The National Institute for Genetic Medicine (INMEGEN) recently inaugurated the Genetic Diagnosis Lab (LDG) an institution offering diagnosis, prognosis and follow up of diseases for the population. According to a press release from the Health Ministry website, Carmen Alaez, chief of the LDG highlighted that a specialized team of professionals and an adequate infrastructure and certifications make this center unique in the Mexican health industry and a national reference that potentially could become a leading genetic lab in Latin America.
The lab has a catalogue of over 100 genetic studies and the capacity to analyze 4,800 genes associated with different monogenetic disorders and around 94 genes related to hereditary cancer predisposition syndromes.
During research undertaken early this year by the IMSS Biomedical Research Center, it was discovered that the most frequent genetic diseases within their right holders were Edward´s Syndrome, hemophilia, muscular atrophies, lysosomal diseases, Turner syndrome, thalassemia and achondroplasia. According to IMSS, an average of 100 cases of rare diseases are detected every year and most of them are of genetic origin. However, this number may vary because many patients are not correctly diagnosed.
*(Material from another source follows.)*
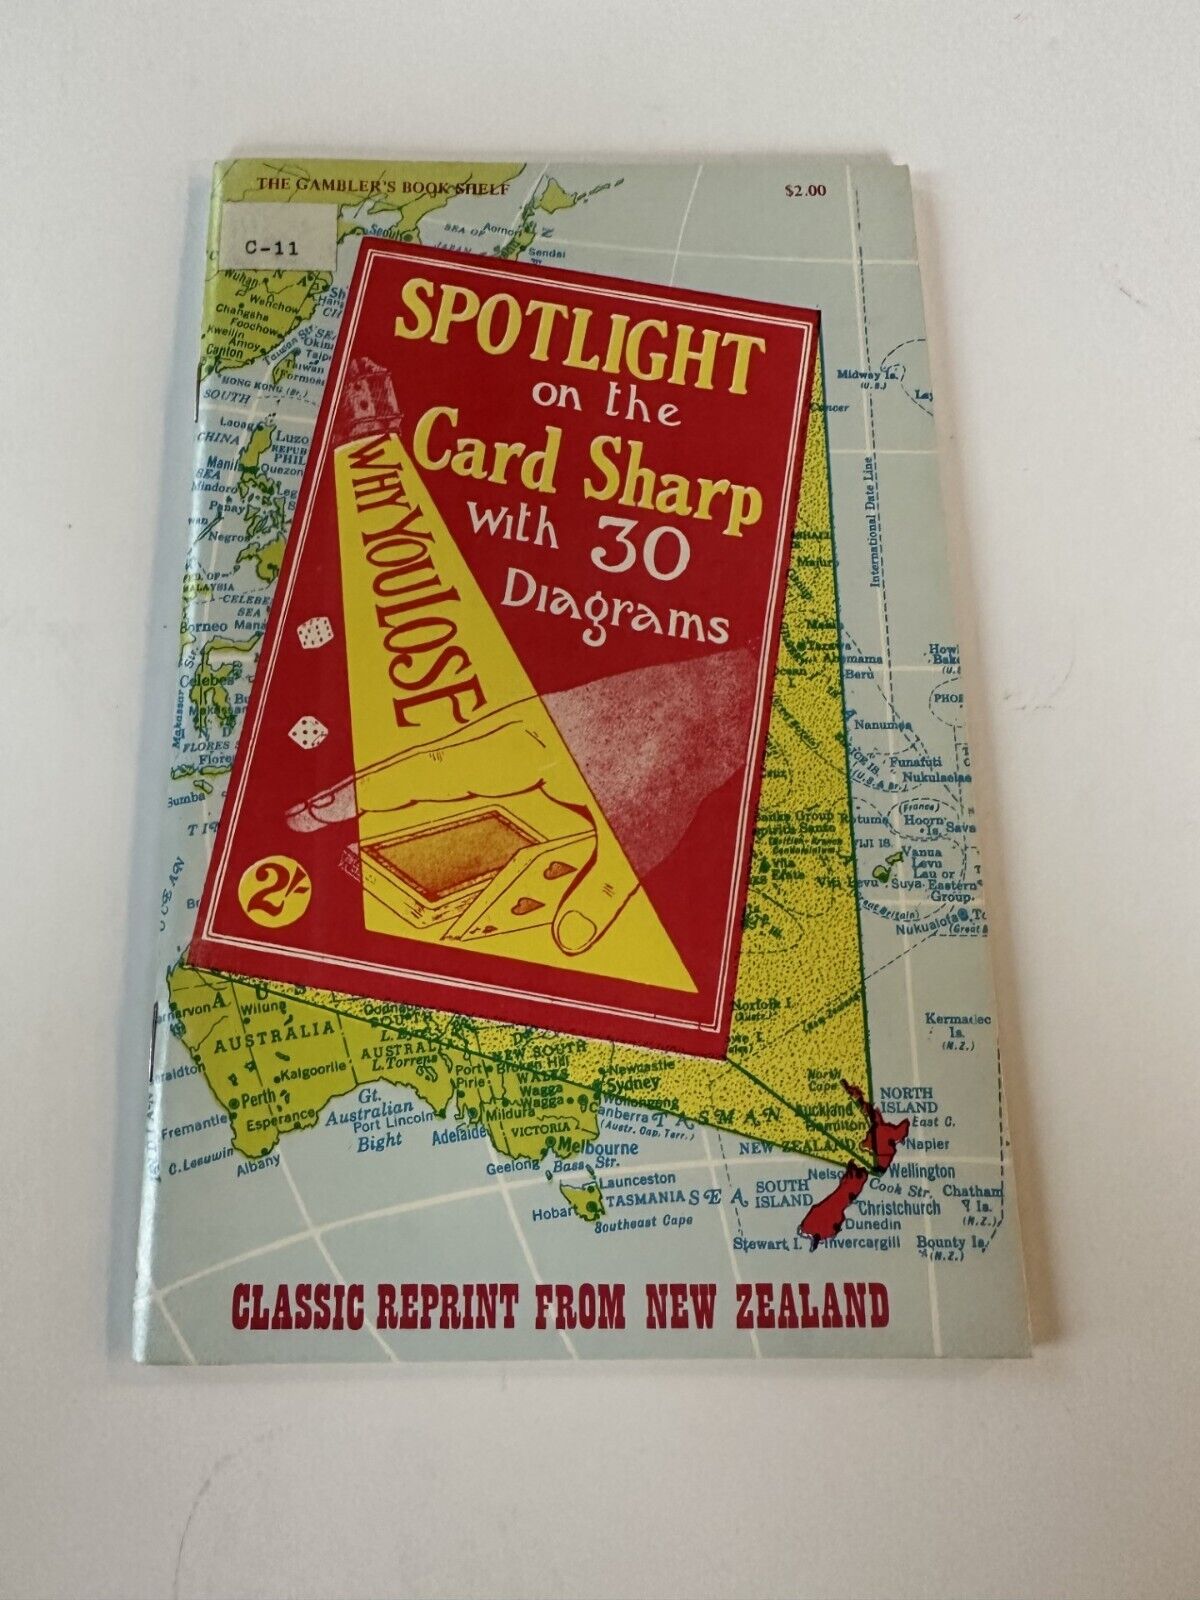 Spotlight on the Card Sharp by Lawrence Scaife - RARE Worth over $100

The LDG will offer support to public and private institutions with advanced tools to improve the discovery and understanding of genetic conditions in the Mexican population. It will operate by the highest standards in protection of patient rights over their samples and genetic information.
During the inauguration event the INMEGEN Director General, Xavier Soberón, mentioned this new laboratory represents an important achievement for the institution and it is essential for the creation of knowledge, new technology and service.